## WORK TO COMPLETE
Everything in the listing below should be repeated verbatim, apart from the pictures.

## PROVIDED MATERIAL
'''
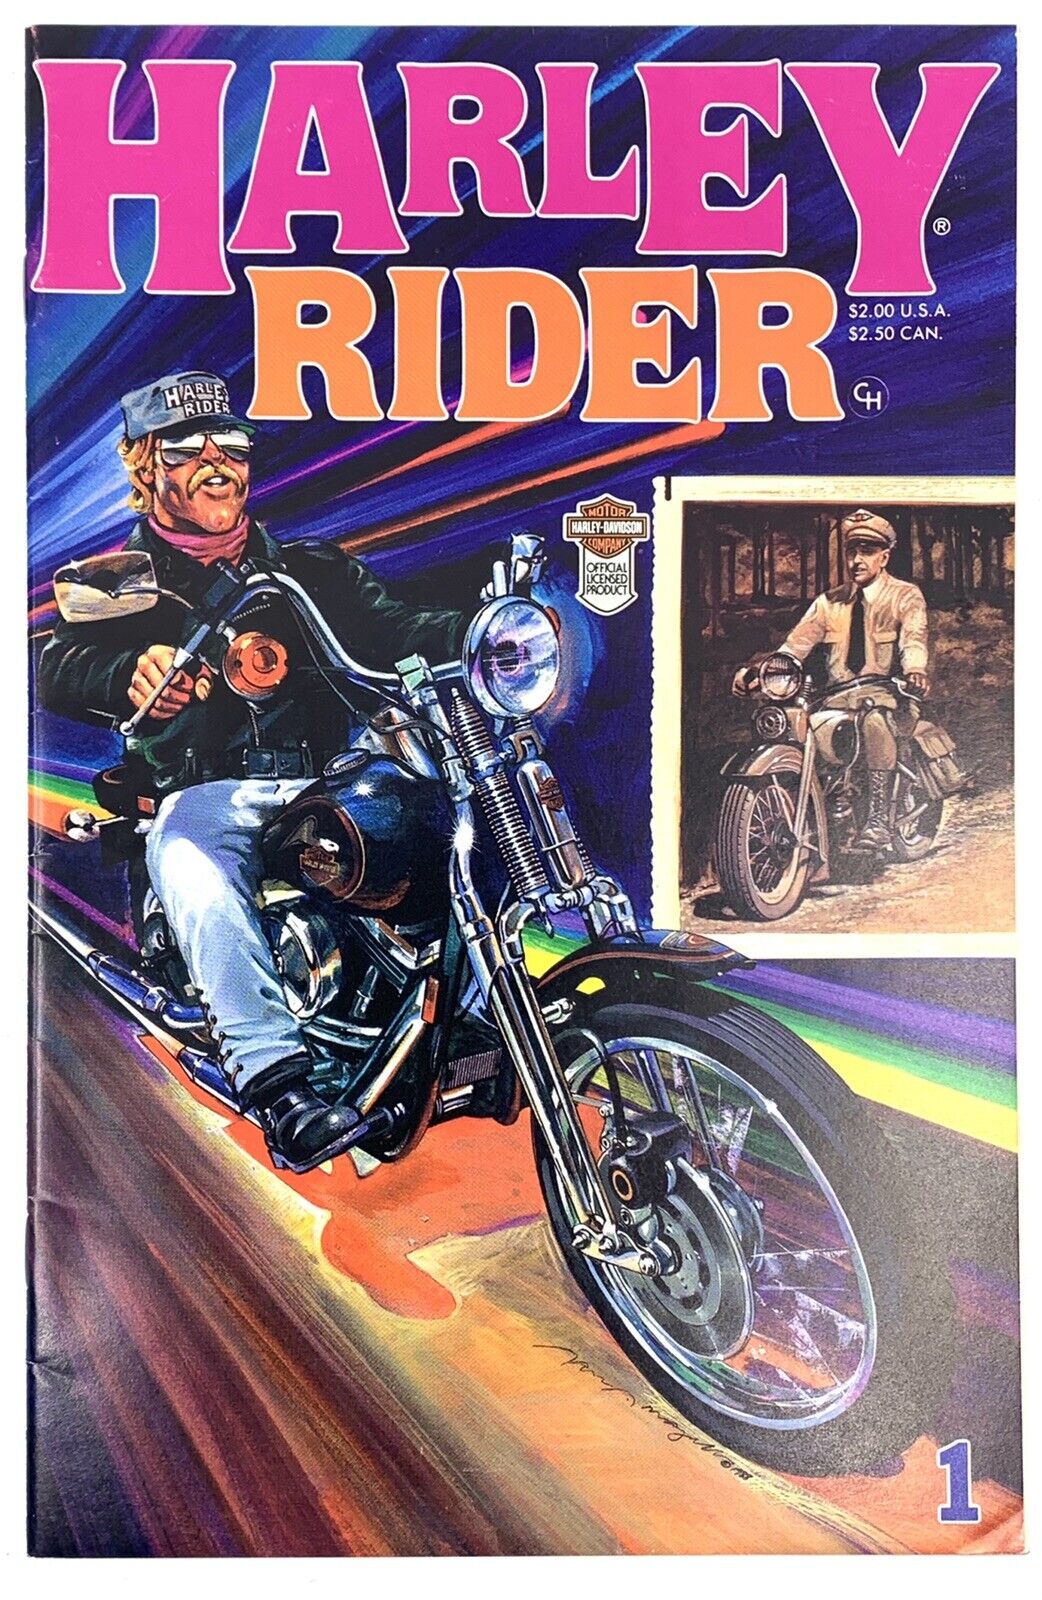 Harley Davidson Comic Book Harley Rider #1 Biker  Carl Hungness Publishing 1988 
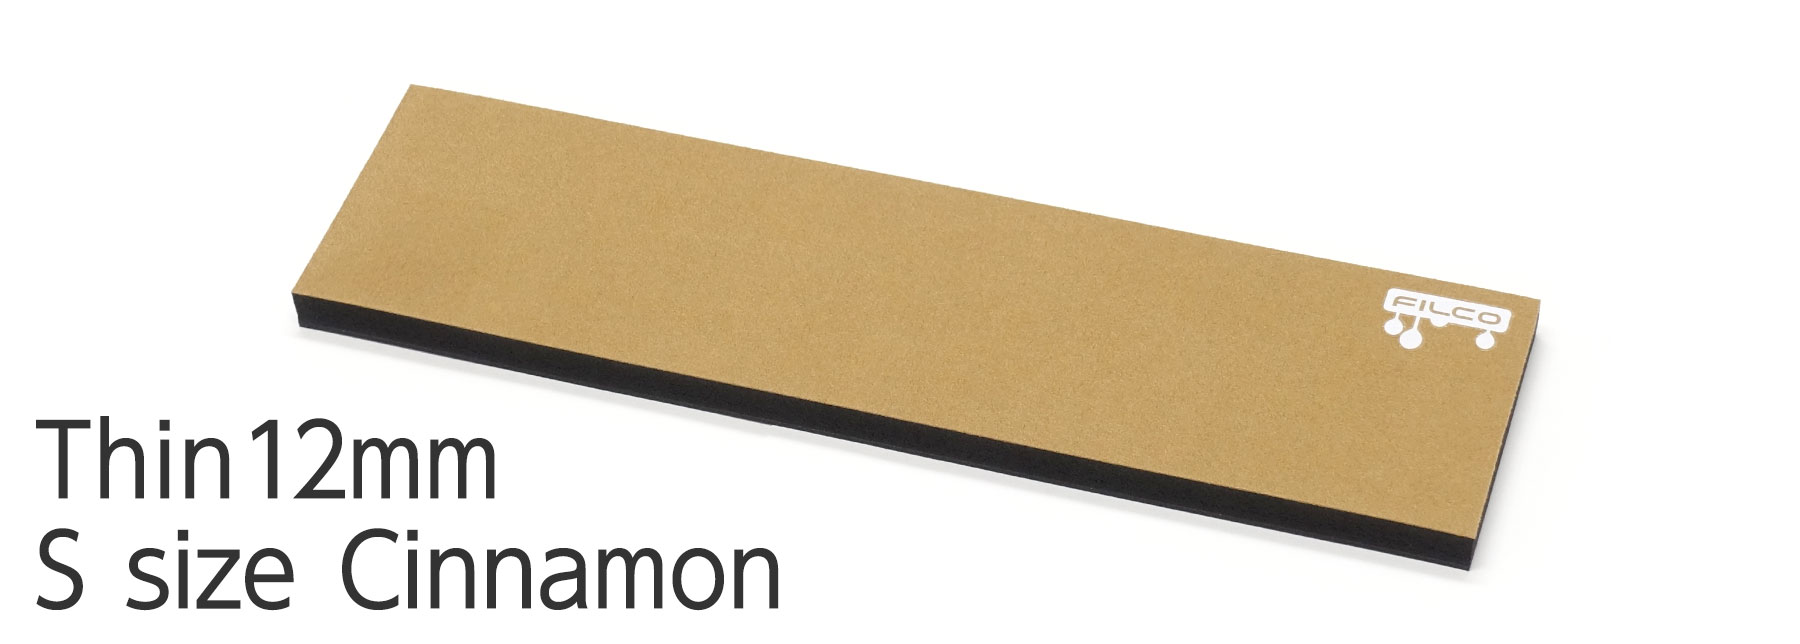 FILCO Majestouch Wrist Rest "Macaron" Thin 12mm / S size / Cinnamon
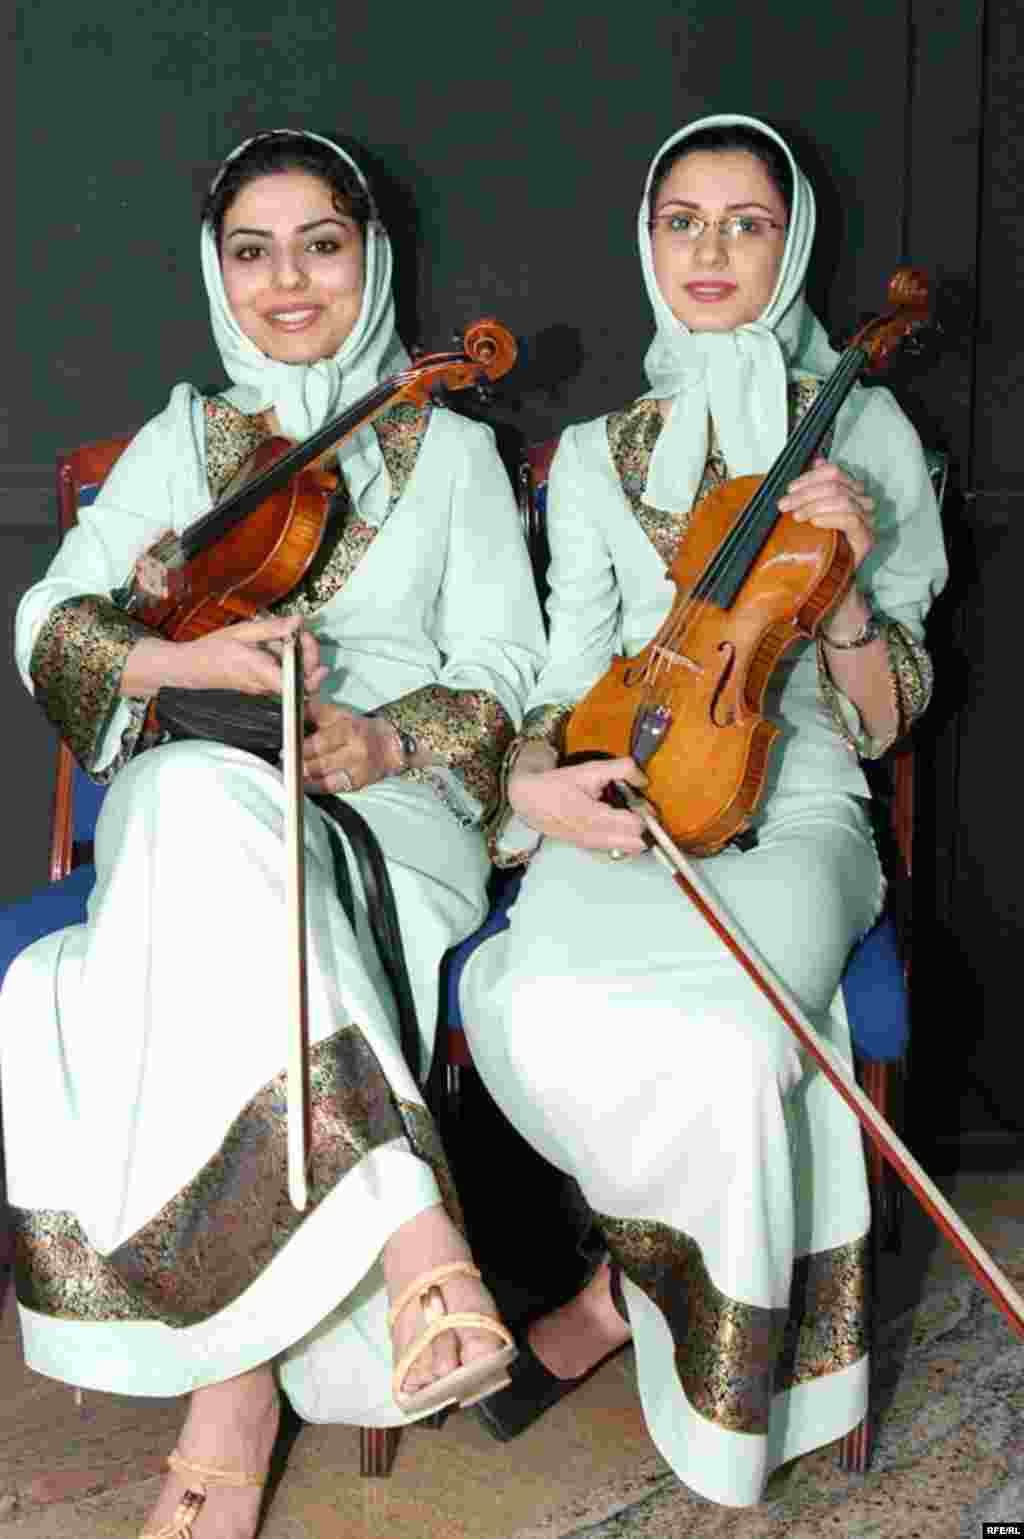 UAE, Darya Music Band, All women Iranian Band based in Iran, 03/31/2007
'''
## TASK SOLUTION
 Harley Davidson Comic Book Harley Rider #1 Biker  Carl Hungness Publishing 1988 
 FILCO Majestouch Wrist Rest "Macaron" Thin 12mm / S size / Cinnamon
 UAE, Darya Music Band, All women Iranian Band based in Iran, 03/31/2007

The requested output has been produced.